• Welcome to Lousy Print.

    This is where you can order printouts of your favorite pictures, to be printed with dot matrix printers. These are printers that were common years ago, in the 1970s, 1980s and a bit during the 1990s.

    Because these have been kinda standard for at least 30 years, a little culture formed around them. Dot matrix printers belong to the "impact" printers family. They work like a typewriter: a metal rod strikes the ink-soaked ribbon against an area on the paper sheet and produces a shape. Typewriters produced the symbol that was pressed. Dot matrix printers can produce graphics, or predefined fonts that they have preloaded in their memory. We can use them to print any pictures you want to have printed, or we can use them to make ASCII art with your picture.

    We print whatever you send us, in whatever way you want us to print it, then send the paper sheet with the printout to your snail mail address.
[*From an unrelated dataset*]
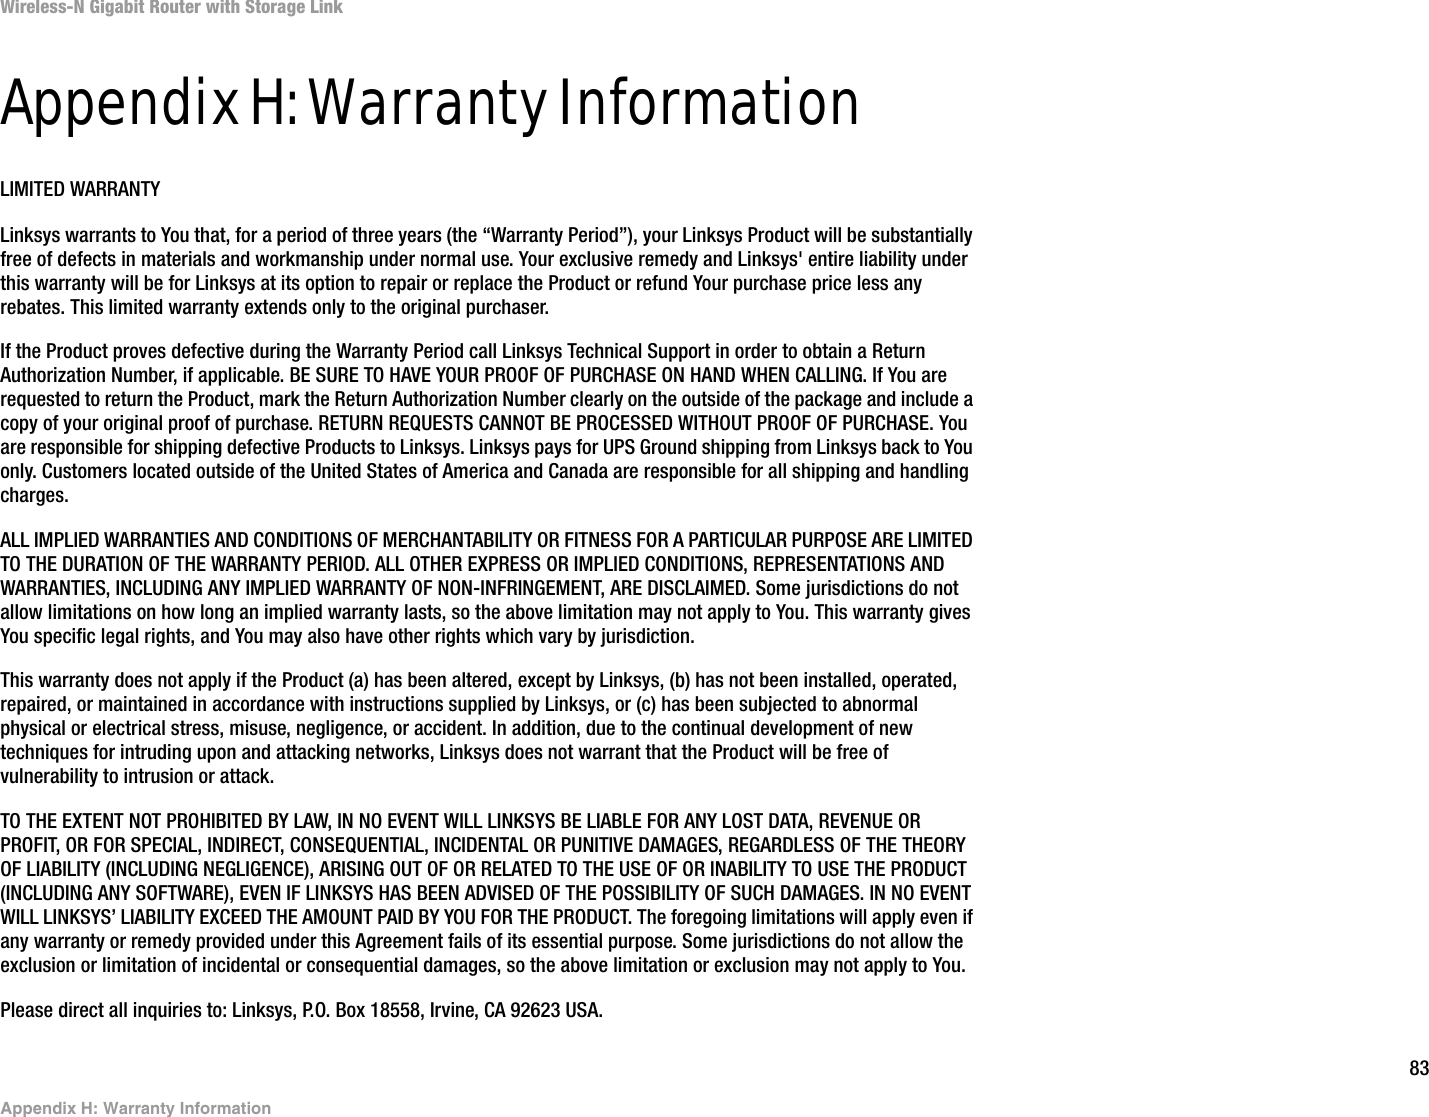 83Appendix H: Warranty InformationWireless-N Gigabit Router with Storage LinkAppendix H: Warranty InformationLIMITED WARRANTYLinksys warrants to You that, for a period of three years (the “Warranty Period”), your Linksys Product will be substantially free of defects in materials and workmanship under normal use. Your exclusive remedy and Linksys&apos; entire liability under this warranty will be for Linksys at its option to repair or replace the Product or refund Your purchase price less any rebates. This limited warranty extends only to the original purchaser. If the Product proves defective during the Warranty Period call Linksys Technical Support in order to obtain a Return Authorization Number, if applicable. BE SURE TO HAVE YOUR PROOF OF PURCHASE ON HAND WHEN CALLING. If You are requested to return the Product, mark the Return Authorization Number clearly on the outside of the package and include a copy of your original proof of purchase. RETURN REQUESTS CANNOT BE PROCESSED WITHOUT PROOF OF PURCHASE. You are responsible for shipping defective Products to Linksys. Linksys pays for UPS Ground shipping from Linksys back to You only. Customers located outside of the United States of America and Canada are responsible for all shipping and handling charges. ALL IMPLIED WARRANTIES AND CONDITIONS OF MERCHANTABILITY OR FITNESS FOR A PARTICULAR PURPOSE ARE LIMITED TO THE DURATION OF THE WARRANTY PERIOD. ALL OTHER EXPRESS OR IMPLIED CONDITIONS, REPRESENTATIONS AND WARRANTIES, INCLUDING ANY IMPLIED WARRANTY OF NON-INFRINGEMENT, ARE DISCLAIMED. Some jurisdictions do not allow limitations on how long an implied warranty lasts, so the above limitation may not apply to You. This warranty gives You specific legal rights, and You may also have other rights which vary by jurisdiction.This warranty does not apply if the Product (a) has been altered, except by Linksys, (b) has not been installed, operated, repaired, or maintained in accordance with instructions supplied by Linksys, or (c) has been subjected to abnormal physical or electrical stress, misuse, negligence, or accident. In addition, due to the continual development of new techniques for intruding upon and attacking networks, Linksys does not warrant that the Product will be free of vulnerability to intrusion or attack.TO THE EXTENT NOT PROHIBITED BY LAW, IN NO EVENT WILL LINKSYS BE LIABLE FOR ANY LOST DATA, REVENUE OR PROFIT, OR FOR SPECIAL, INDIRECT, CONSEQUENTIAL, INCIDENTAL OR PUNITIVE DAMAGES, REGARDLESS OF THE THEORY OF LIABILITY (INCLUDING NEGLIGENCE), ARISING OUT OF OR RELATED TO THE USE OF OR INABILITY TO USE THE PRODUCT (INCLUDING ANY SOFTWARE), EVEN IF LINKSYS HAS BEEN ADVISED OF THE POSSIBILITY OF SUCH DAMAGES. IN NO EVENT WILL LINKSYS’ LIABILITY EXCEED THE AMOUNT PAID BY YOU FOR THE PRODUCT. The foregoing limitations will apply even if any warranty or remedy provided under this Agreement fails of its essential purpose. Some jurisdictions do not allow the exclusion or limitation of incidental or consequential damages, so the above limitation or exclusion may not apply to You.Please direct all inquiries to: Linksys, P.O. Box 18558, Irvine, CA 92623 USA.

    For more info, you might want to check the FAQ.

    Have fun!

  • Lousyprint FAQ

    Questions will be added as you ask them, of course.

    1. What is a dot matrix printer?

    It is a printer that has a few needles. They strike a ribbon that is soaked in some special ink and the ribbon is thus pressed against the paper to be printed on. Thus, a colored dot appears on the paper. Usually, the dot is black and the printer can only output grayscale printouts. But color dot matrix printers exist, and we've got them. Such a printer can have 7, 9 or 24 pins. 7-pin ones are completely gone. But 9-pin printing heads were at some point combined into 18-pin heads (by using two in the same assembly) and even 36-pin printing heads (by using four). The more pins a dot-matrix printer has, the higher the print resolution it can output.
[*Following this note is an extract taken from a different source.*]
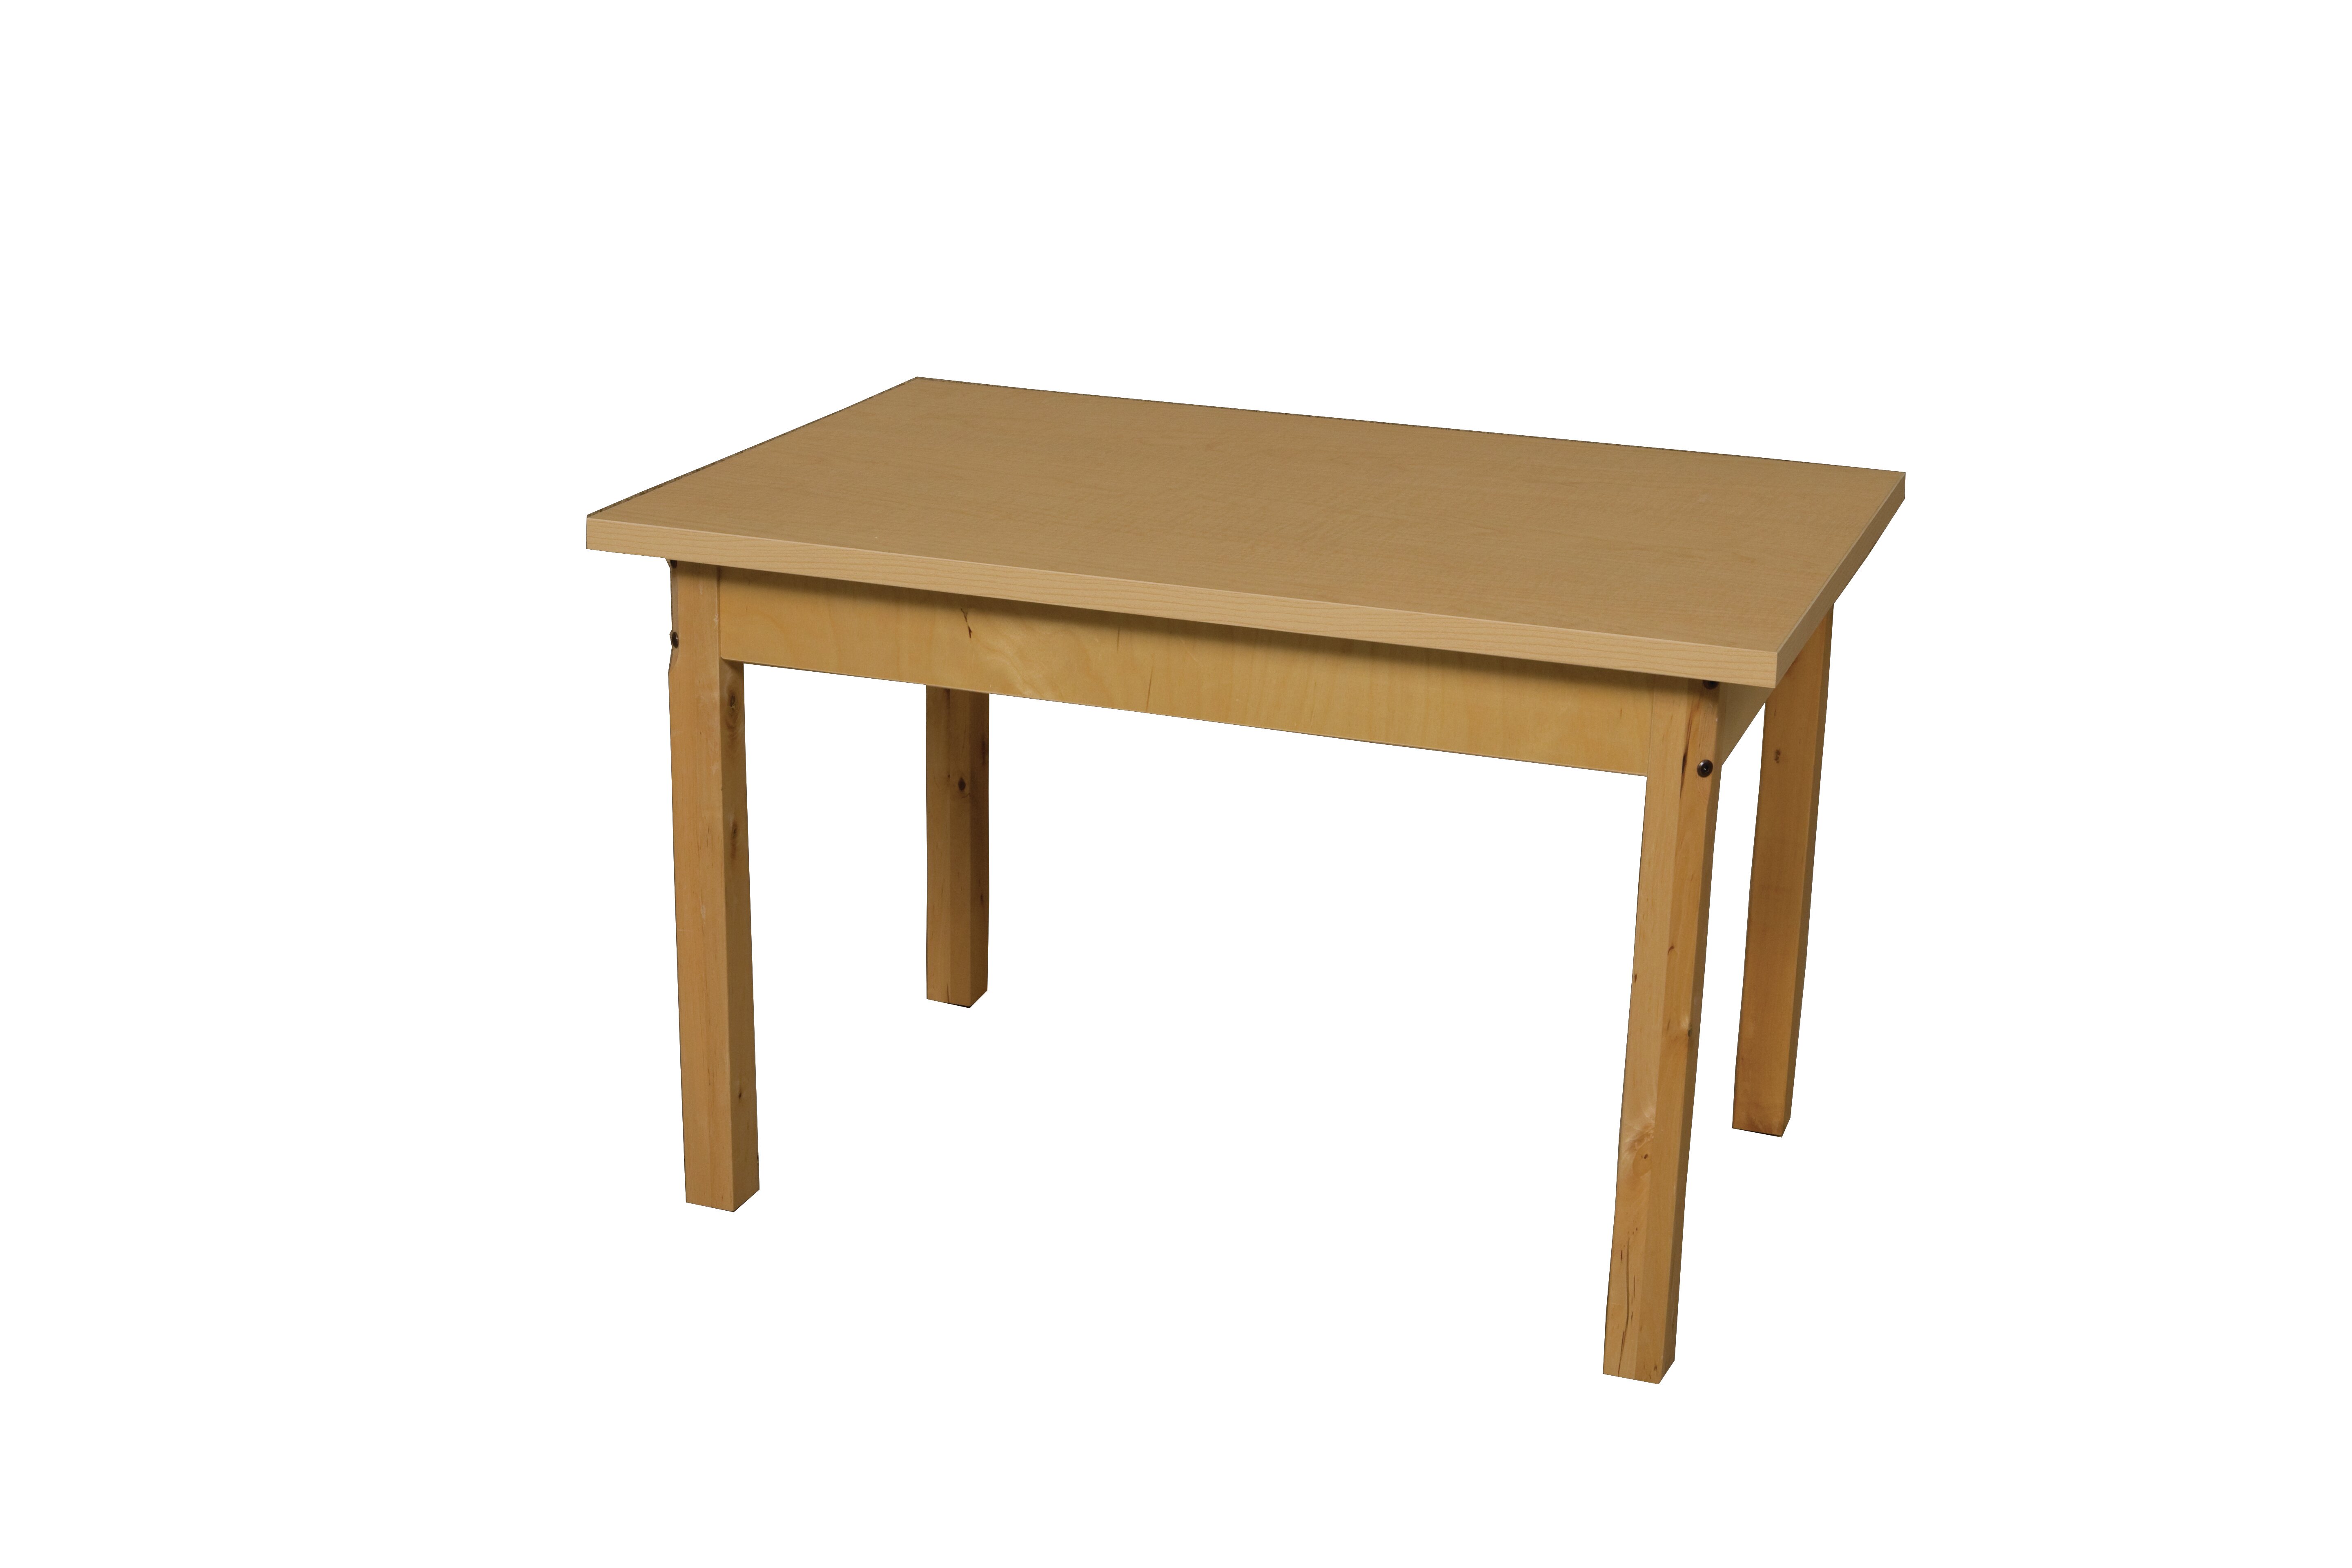 kids rectangle table

    2. Why would I buy a dot matrix printout?

    Because it looks somewhat artistic, like an old, grainy, black and white movie. And we can also provide color printouts, rarely encountered during the dot matrix days. The lower the resolution, the more visible the graininess is.

    3. What is ASCII art?

    That is a picture made out of regular characters. One can "draw" pictures with the use of computer characters. This was done in the past using impact printers or even fax machines (called fax art). The standard characters that an average computer can display are called ASCII (American Standard Code for Information Interchange), hence the name ASCII art. An example of a picture converted to ASCII art: http://photoshopcall.com/wp-content/uploads/2010/07/ascii-art-photoshop-tutorial-530x257.jpg They have a tutorial about how to prepare pictures to be transformed into such art in Photoshop: http://photoshopcall.com/software/tutorial-on-how-to-make-ascii-art-photo-effect/ But the easiest way we discovered is to use the online ASCII art generator found here However, given a little more patience, the tool called Ascgen dotNET makes much better ASCII art pictures.
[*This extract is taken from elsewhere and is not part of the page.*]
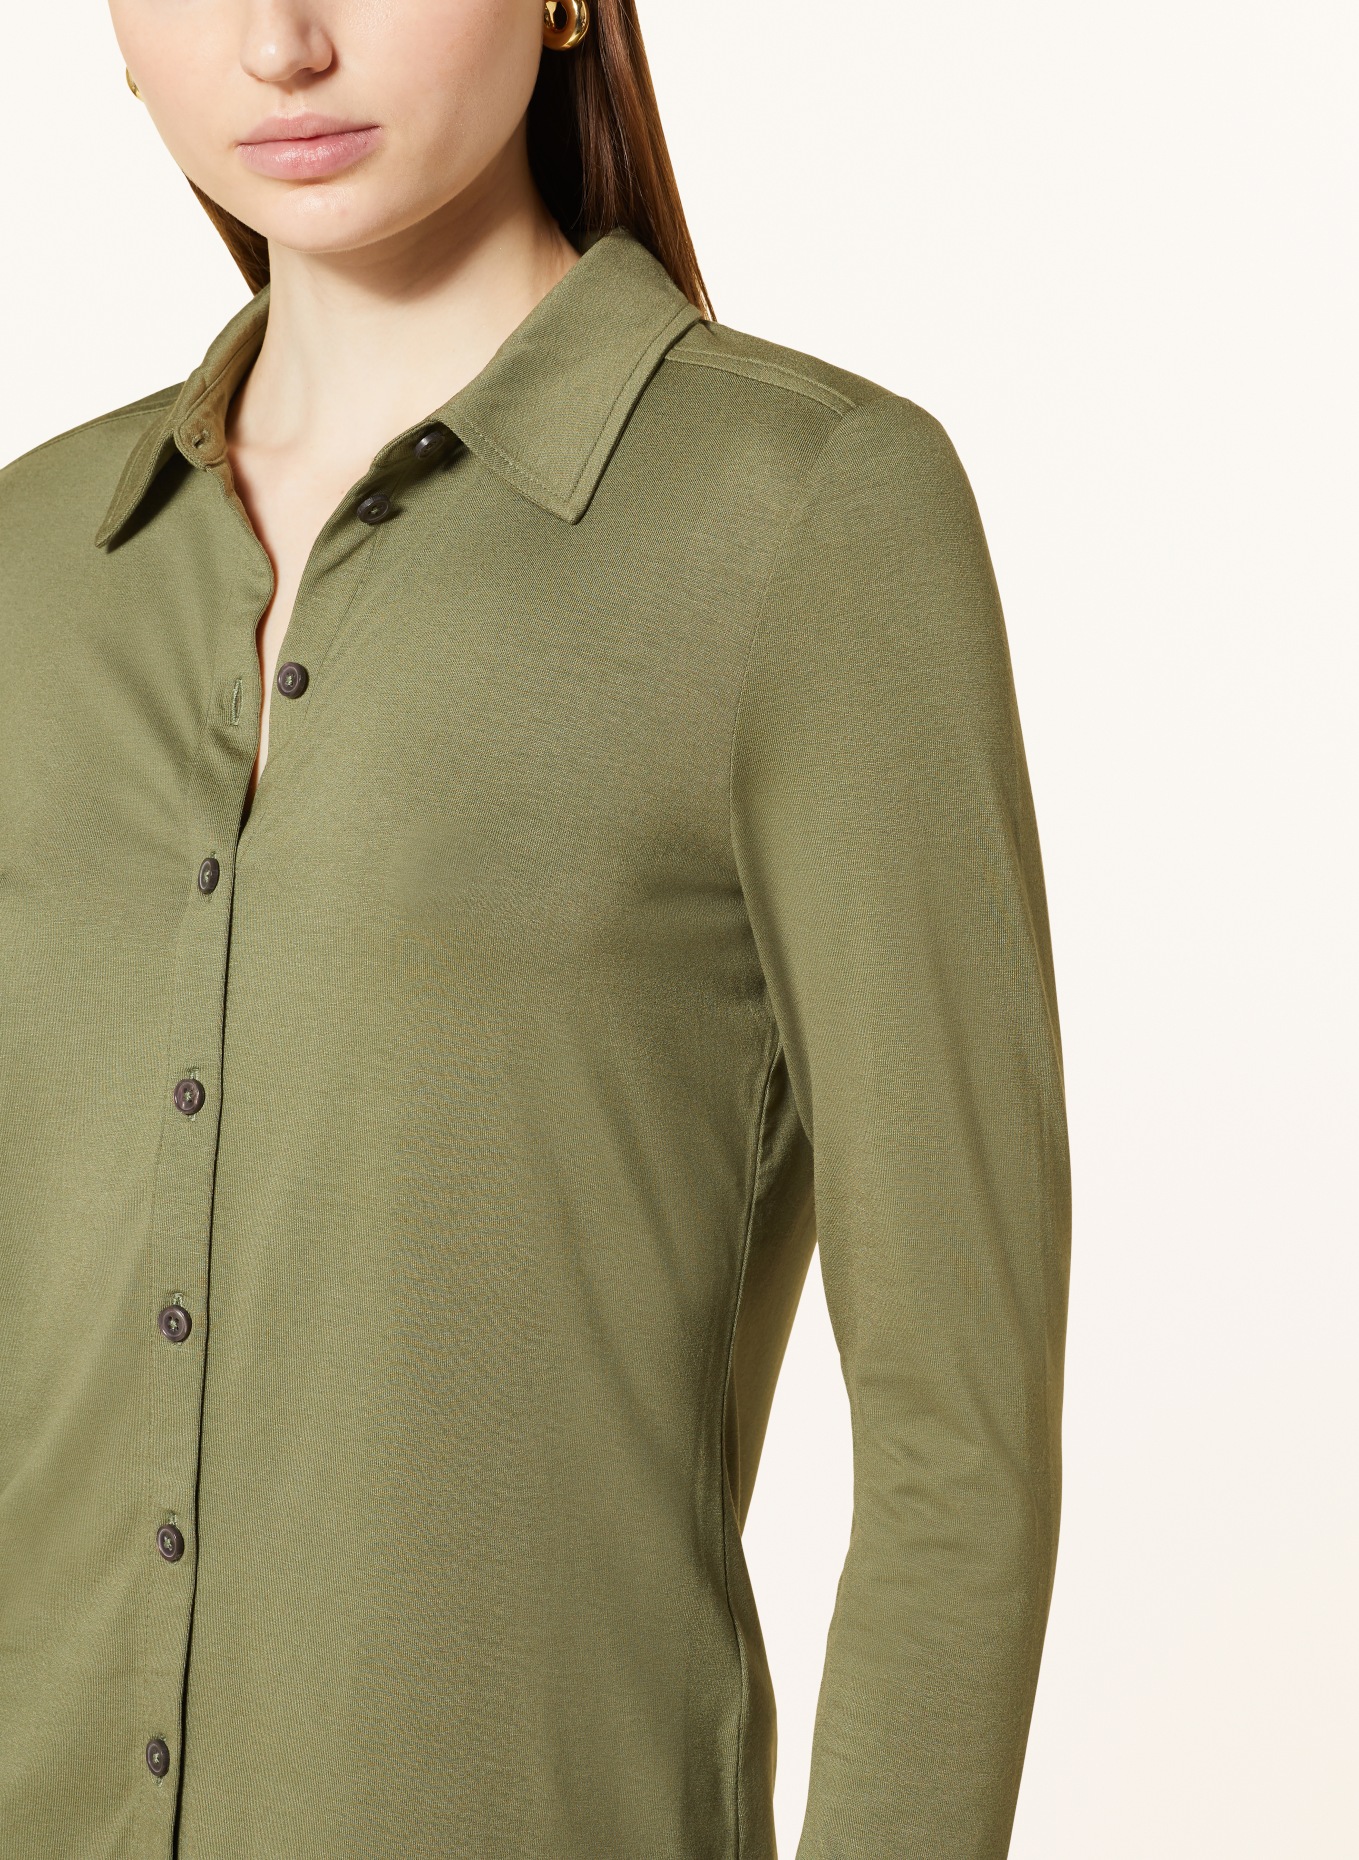 Marc O'Polo Shirt blouse made of jersey, Color: OLIVE (Image 4)

    4. How to generate ASCII art from my picture?

    Short answer: http://ascgendotnet.jmsoftware.co.uk

    5. What is color HTML?

    That is also a picture made out of regular characters, just like ASCII art. One can "draw" pictures with the use of computer characters, but this time, a block of characters will be created and each character will have a different color, trying to match the original colors from the source picture. A good example of the differences between regular ASCII art and color HTML art can be seen in this picture: http://www.orangeinks.com/wp-content/uploads/2009/03/colored-ascii-art.png


    6. How to generate a color HTML page from my picture?

    Short answer: http://ascgendotnet.jmsoftware.co.uk

    7. What's an overprint?

    Sometimes the ASCII art generated from a picture wasn't convincing enough, or could look better. In some cases, people chose to do an overprint, which means to print the same output twice, on the same sheet of paper. The user would simply print once, then feed the same sheet of paper into the printer and print again. Of course, since this was thought up so that ASCII art looked better, we're only offering it for ASCII art as well. We think that printing the same grayscale picture twice, in graphics mode, is unnecessary. Color printing on a dot matrix printer, on the other hand, is almost printing the same thing four times: the printer's ribbon contains four segments of different colors (CMYK - Cyan, Magenta, Yellow, Black) and the printer will print the same spot with each of them, as needed.